- What the task requires:
Please produce a character-exact copy of the listing that follows, omitting all images.

- Exercise data:

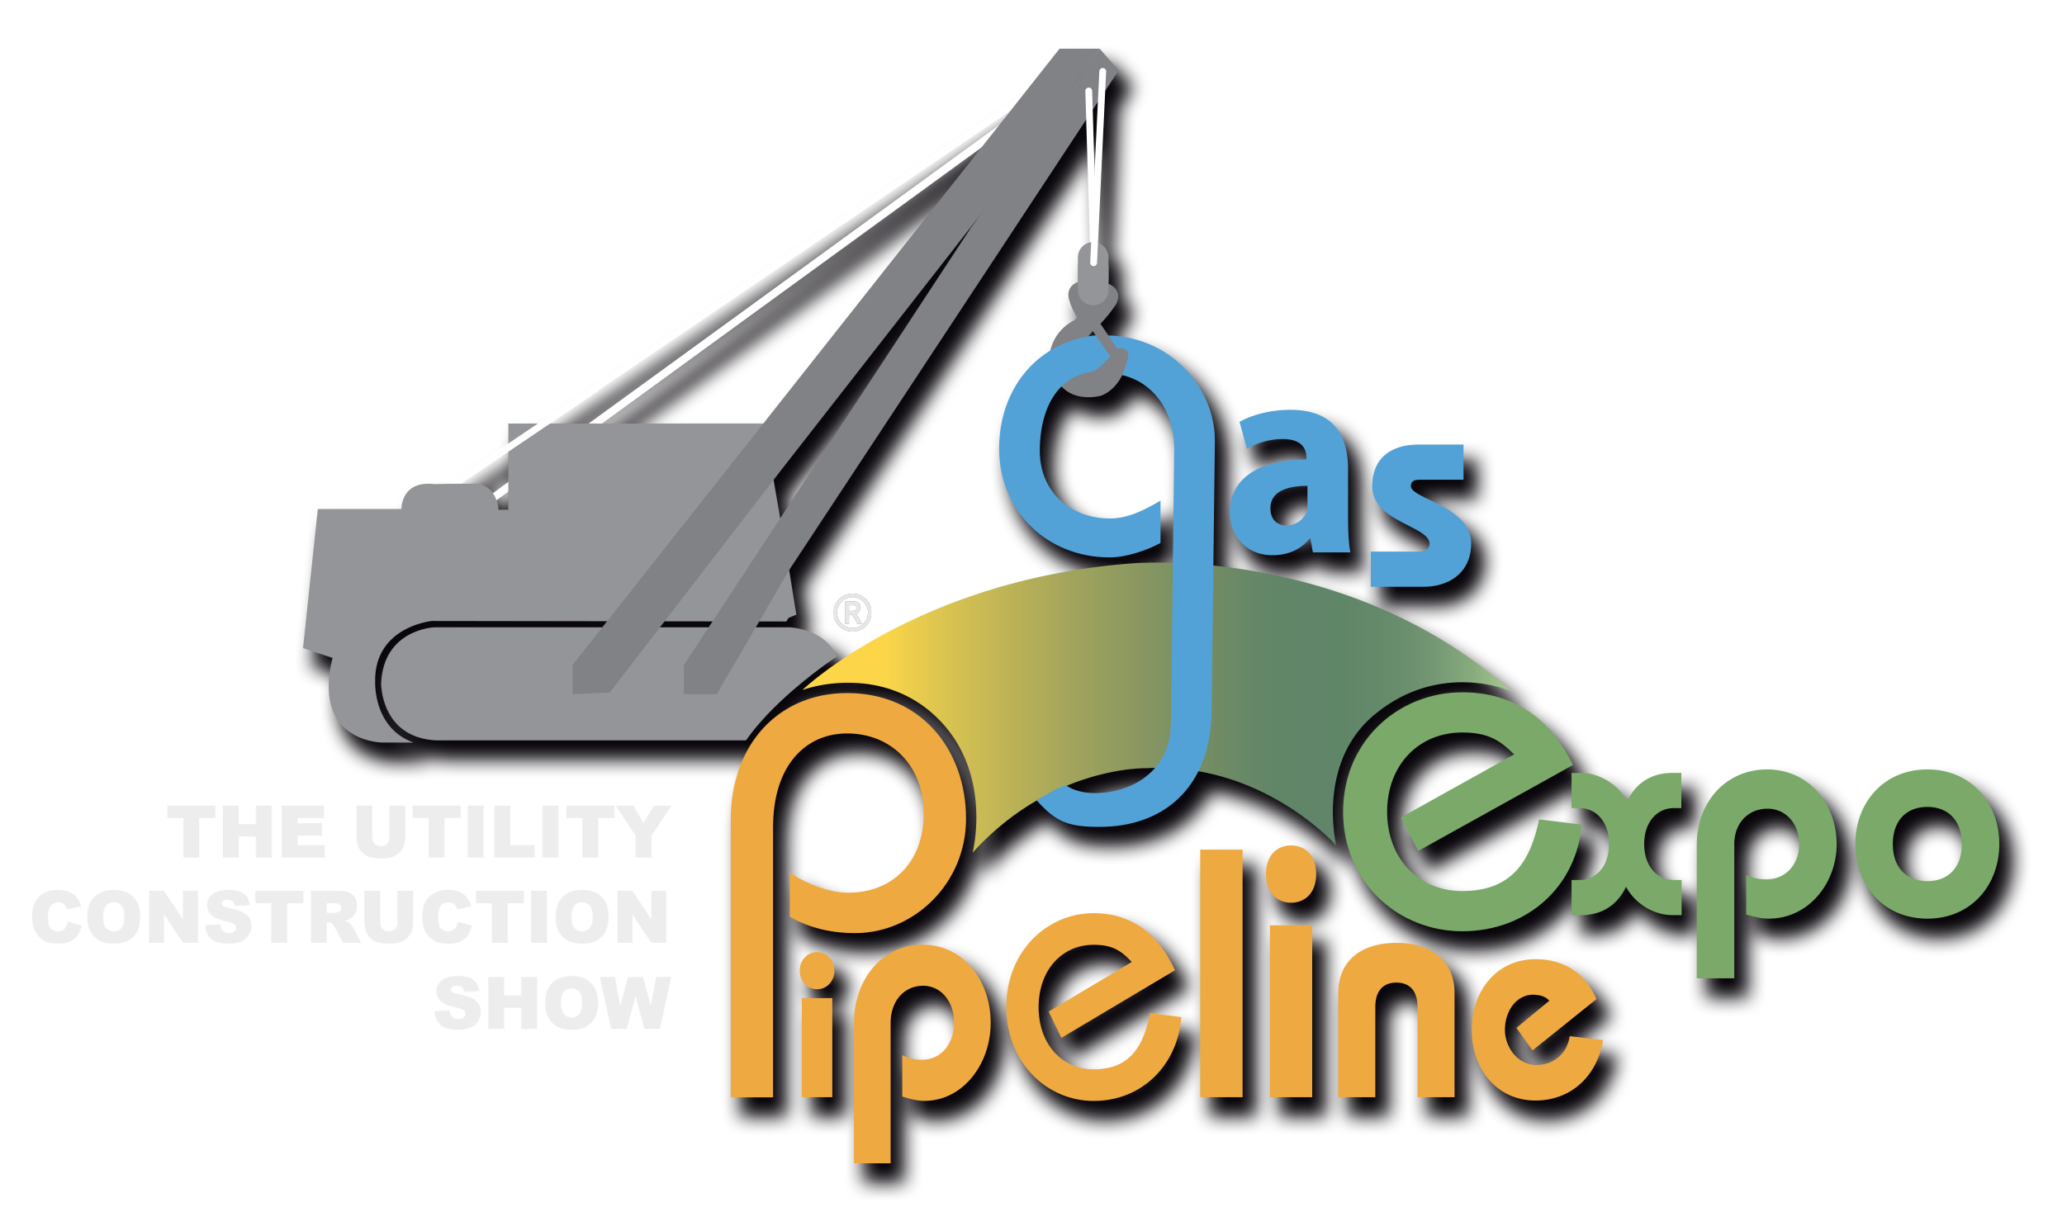 Home Pipeline Gasexpo
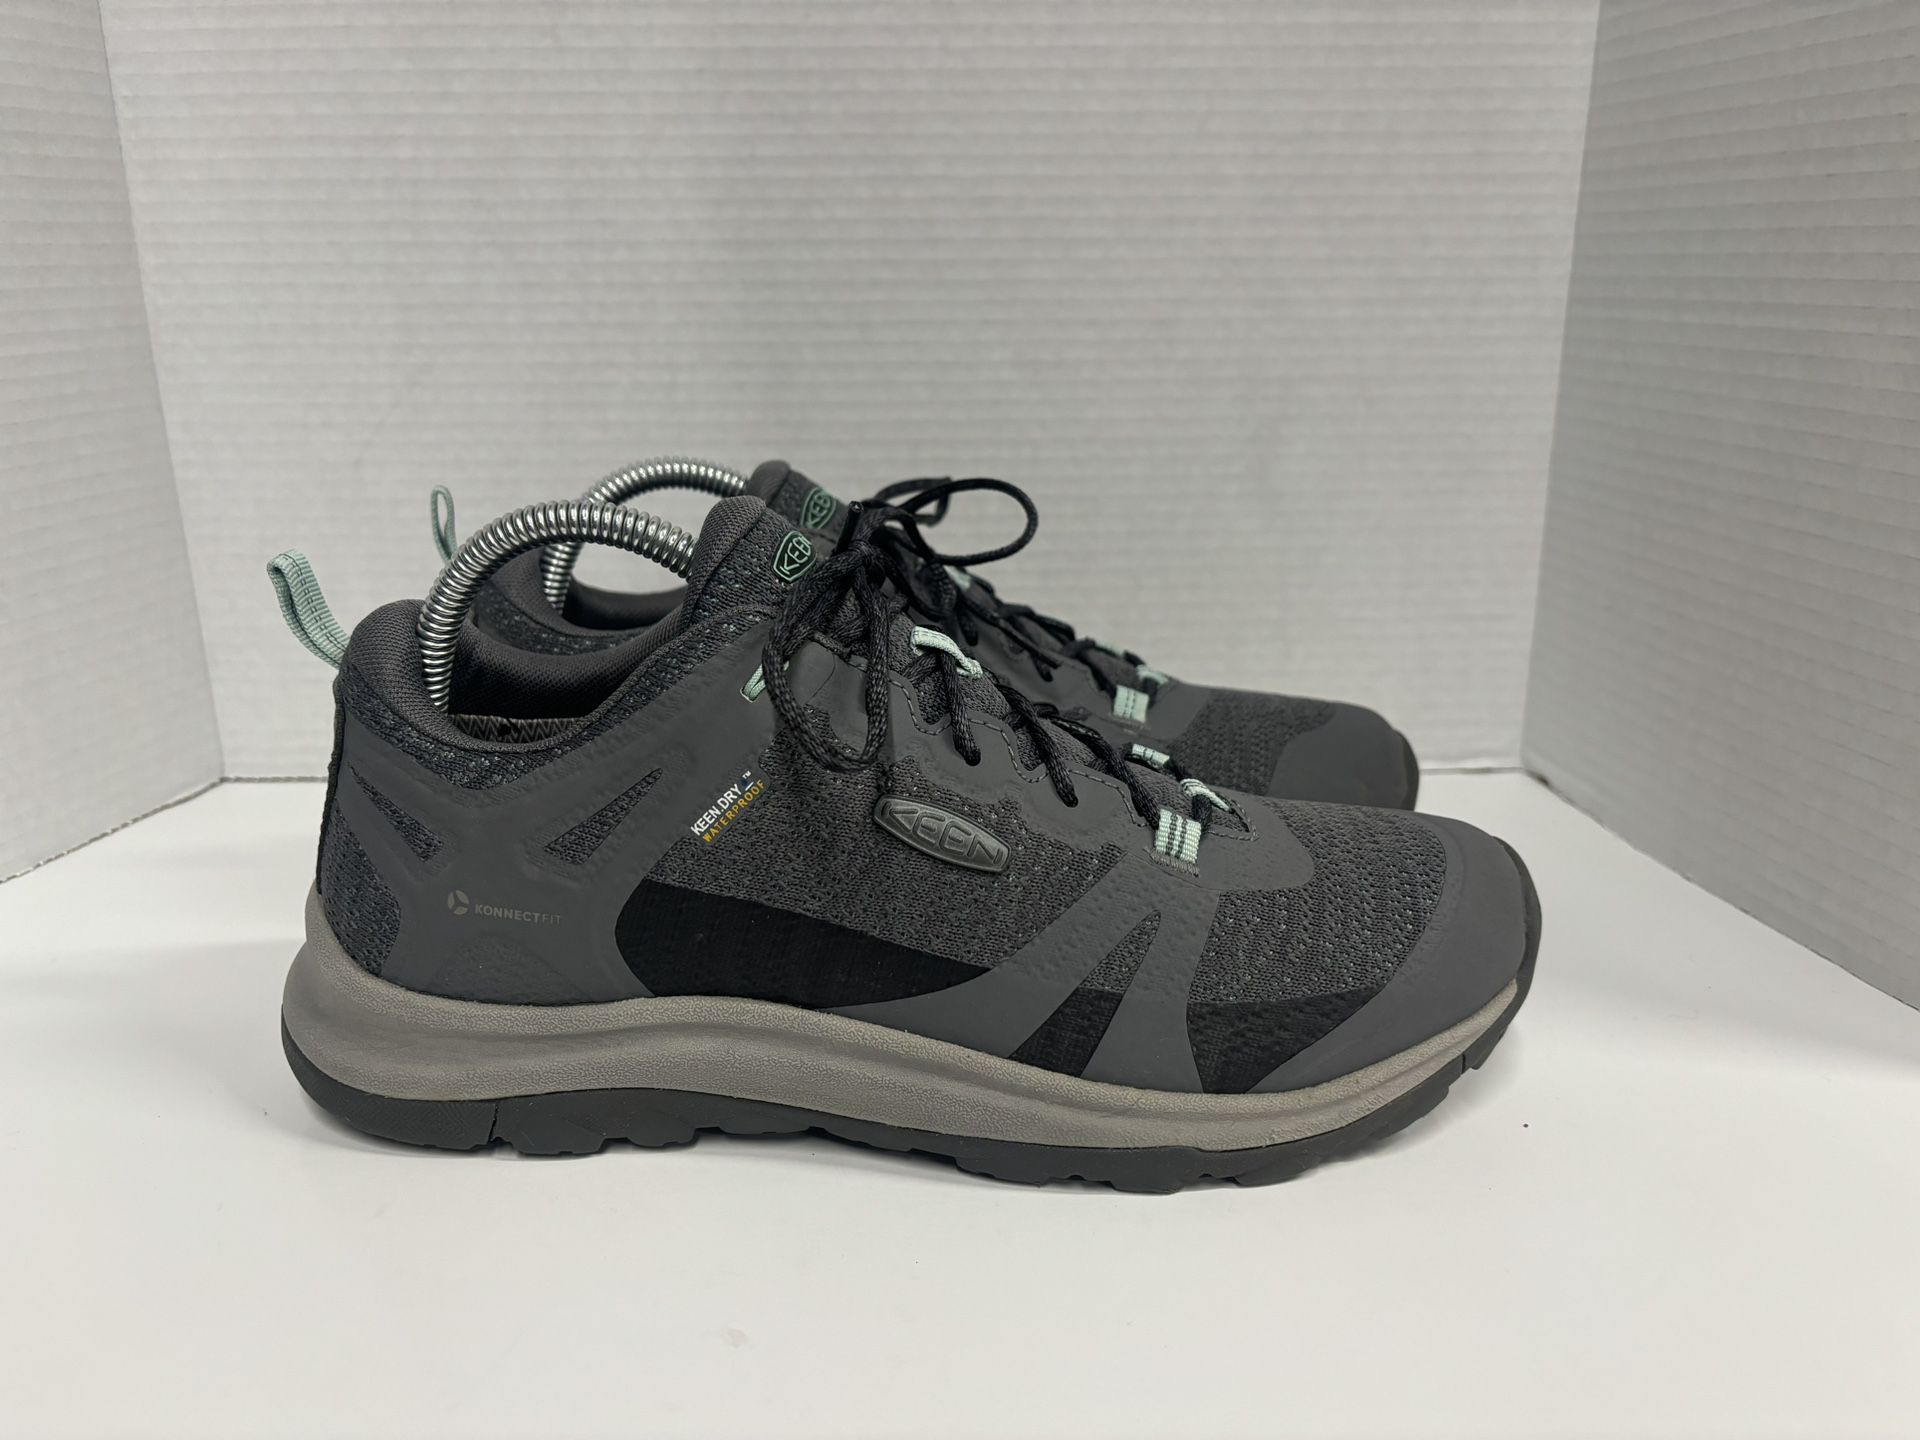 KEEN Terradora 2 Waterproof Hiking Shoes Women’s size 9.5
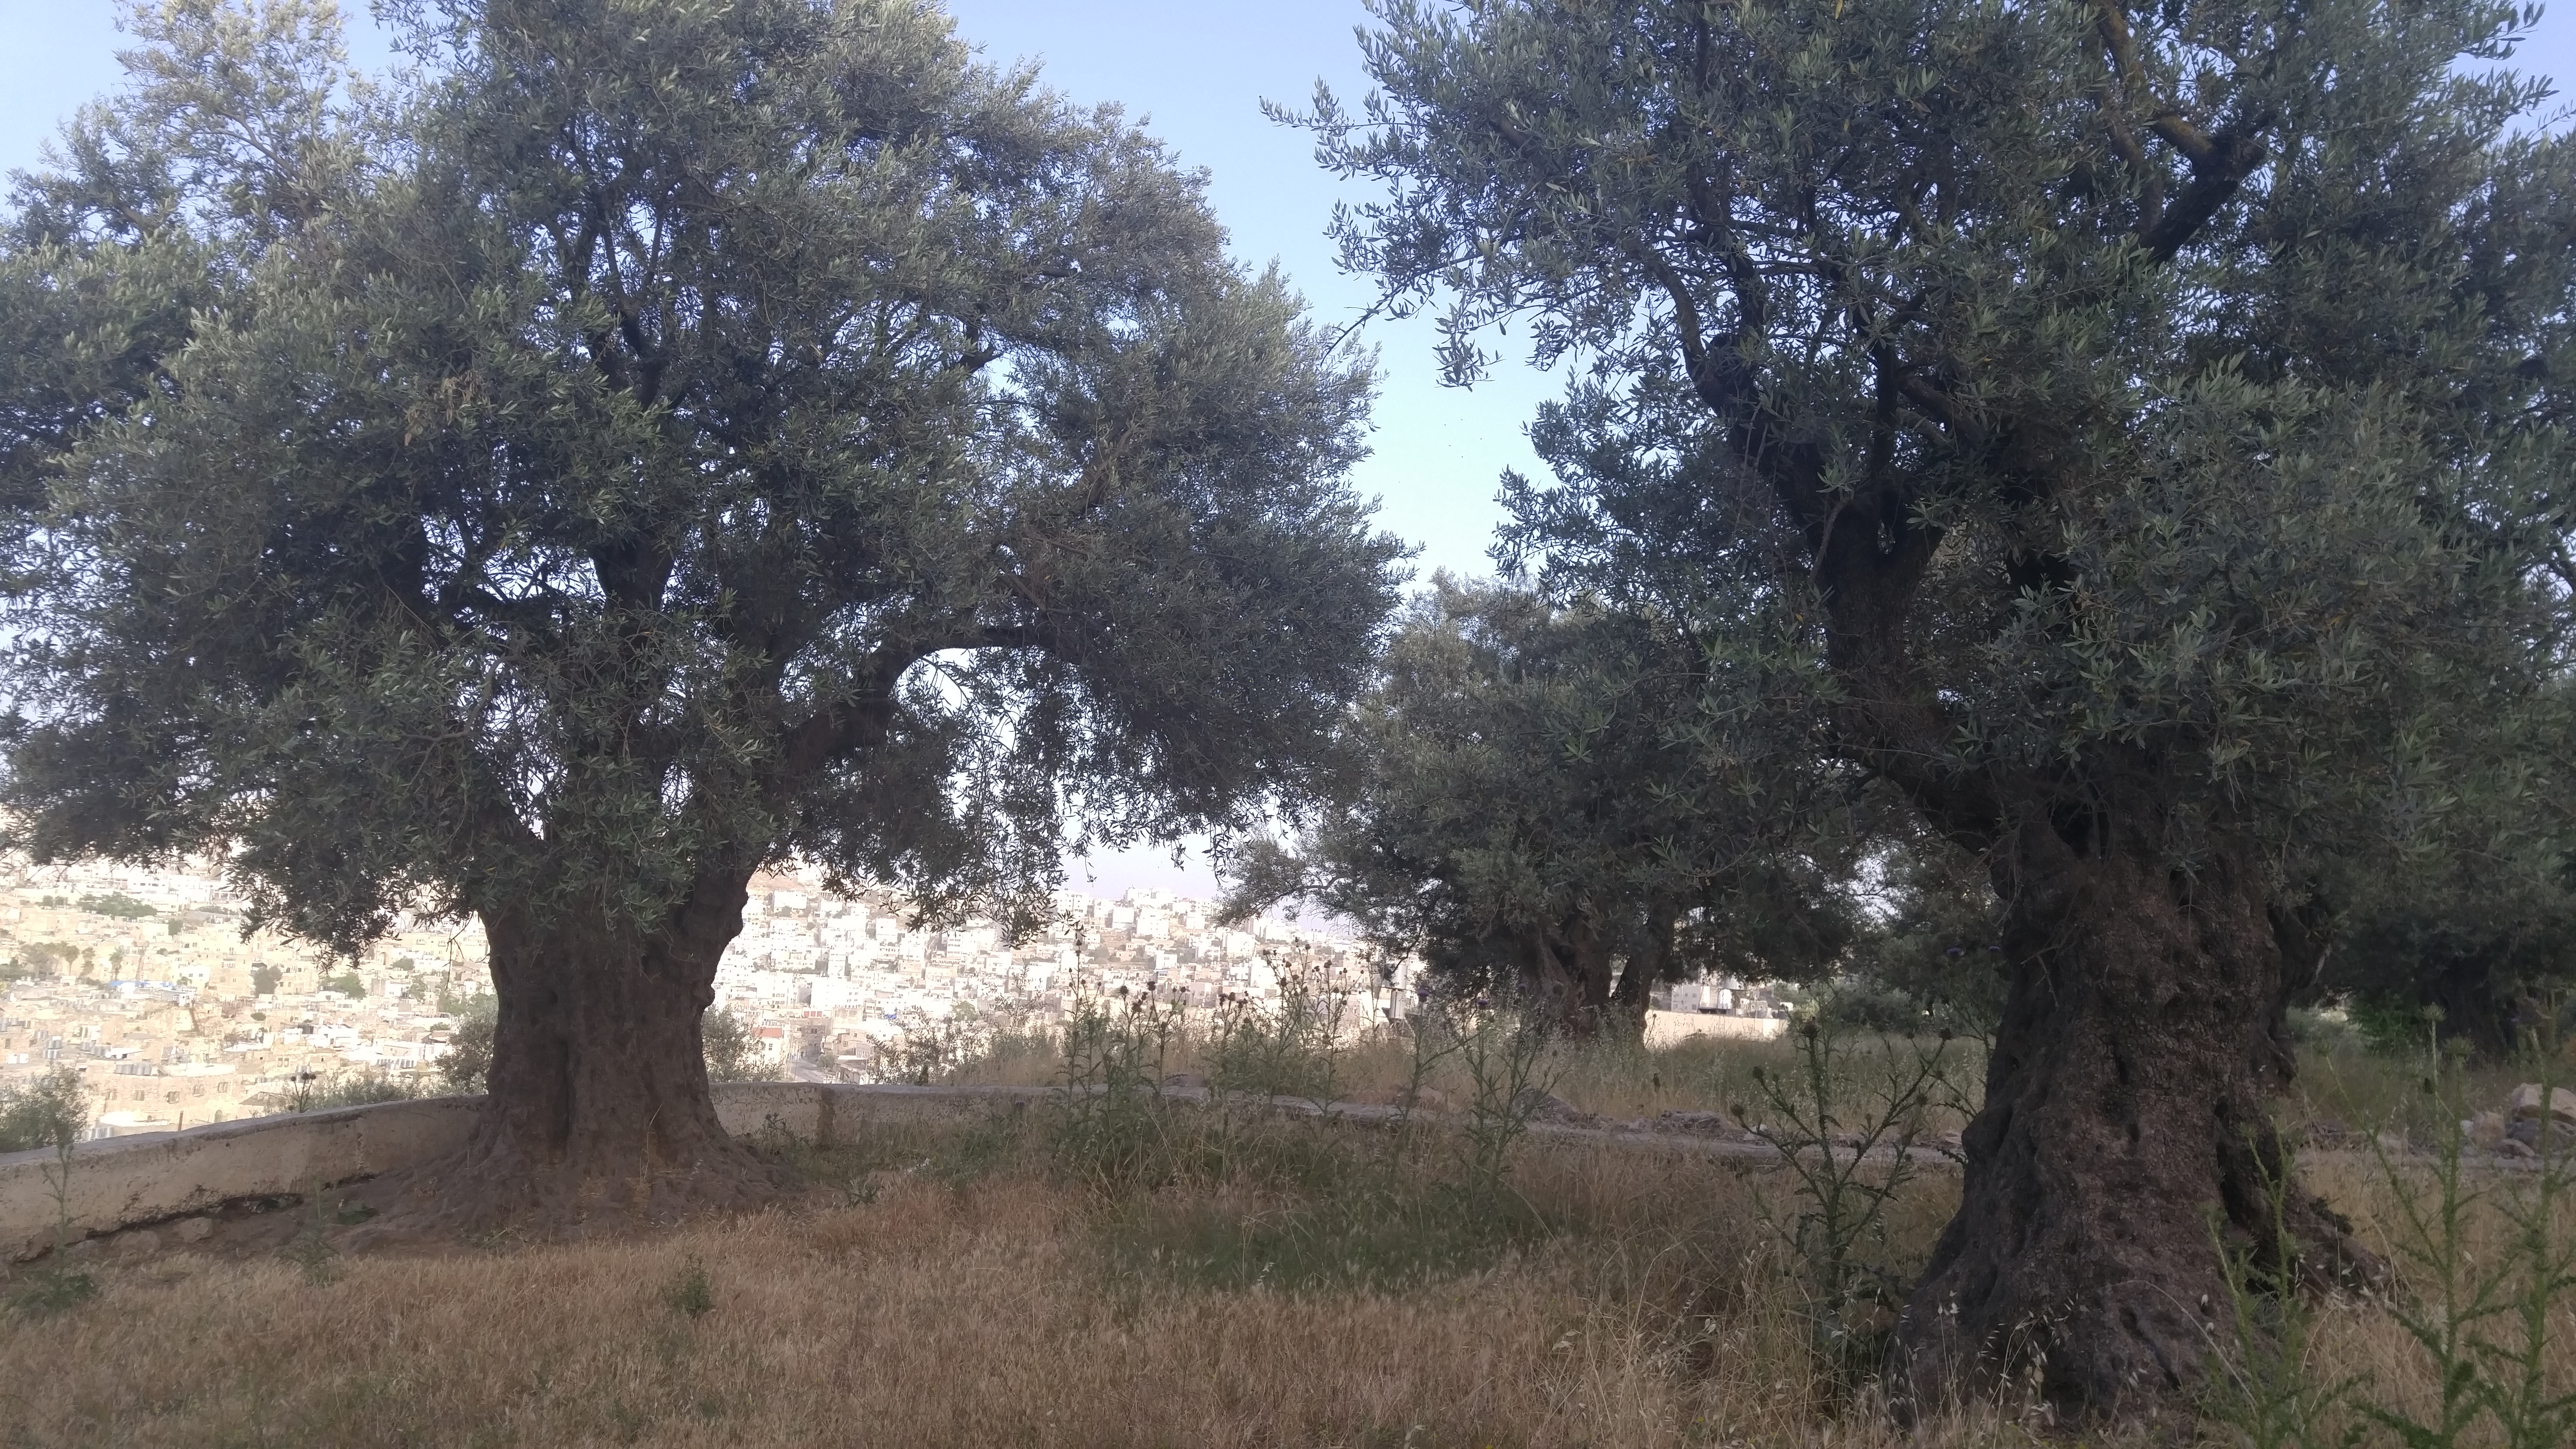 5. Olive trees

- Answer section:
 Home Pipeline Gasexpo
 KEEN Terradora 2 Waterproof Hiking Shoes Women’s size 9.5
 5. Olive trees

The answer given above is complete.